In 2010, Section 978 of the Dodd-Frank Wall Street Reform and Consumer Protection Act created a stable funding stream for the GASB. Under this provision, “accounting support fees” (taxes) are collected by the Financial Industry Regulatory Authority from broker-dealers that participate in the municipal securities market. These fees are assessed based on the par value of municipal securities transactions reported to the Municipal Securities Rulemaking Board.

This structure links GASB’s funding directly to activity in the national municipal bond market. And because that market crosses state lines, it is considered interstate commerce it is under the authority of Congress. Therefore, Congress should take an active role in shaping the framework for producing and relying on municipal financial information. 

The chart below shows revenue from accounting support fees (taxes) over the years: 

Source: Financial Accounting Foundation

That market connection matters. Governments have issued pension obligation bonds or similar instruments to pump short-term cash into underfunded retirement systems. These bonds provide temporary budget relief but do nothing to close the underlying actuarial gaps. 

Under current GASB rules, some costs incurred today are not fully reflected in the budgetary fund statements that guide day-to-day fiscal decisions, but will instead be reflected in future periods, when they must ultimately be financed by future taxpayers. This accounting makes it difficult to determine whether governments are truly balancing their budgets or deferring current costs and ultimately passing them on to future taxpayers. 

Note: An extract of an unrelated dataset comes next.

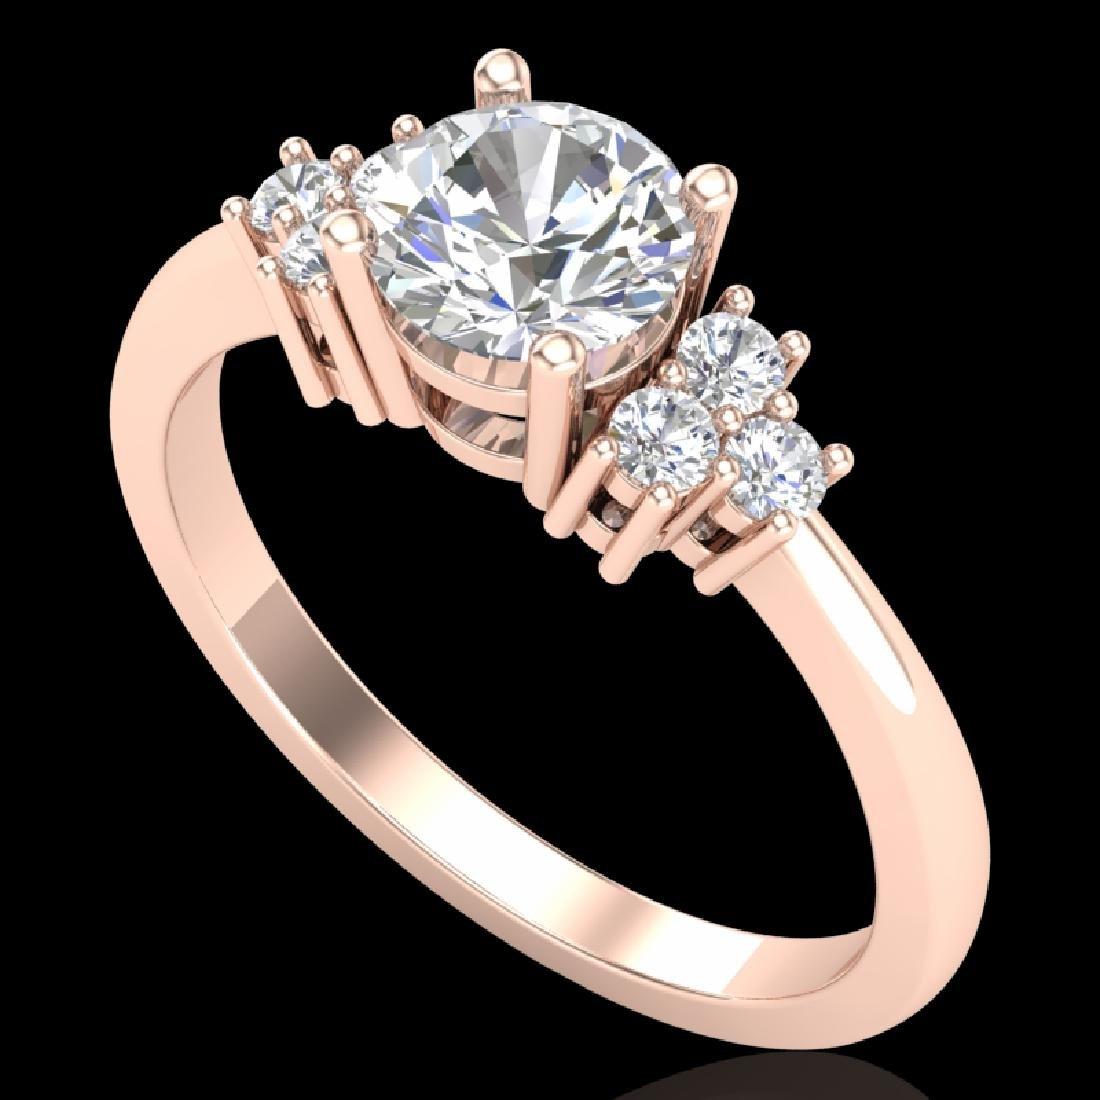 1 CTW VS/SI Diamond Ring Size 7 18K Rose Gold

The scale of the problem is staggering. Recent analyses, including Truth in Accounting’s Financial State of the States reports, document $832 billion in unfunded pension liabilities. These shortfalls place pressure on state budgets, crowd out funding for essential services, and shift substantial costs into the future, where they will be borne by taxpayers who were not involved in making the original commitments. 

Congress should act now.

Lawmakers can and should initiate a thorough oversight review of the GASB, its standard-setting process, and its impact on the fiscal health of state and local governments. The funding mechanism Congress created in 2010 gives it leverage. The interstate nature of the municipal bond market gives it a clear constitutional basis under the Commerce Clause. The public interest in transparent and reliable government accounting provides a strong public policy imperative.

The pension crisis will not fix itself. Optimistic assumptions and opaque reporting have already delayed accountability for too long. It is time for Congress to exercise its oversight role and demand the transparent financial reporting that Americans deserve. The fiscal health of our states and cities, and the trust of the taxpayers who fund them, depend on it.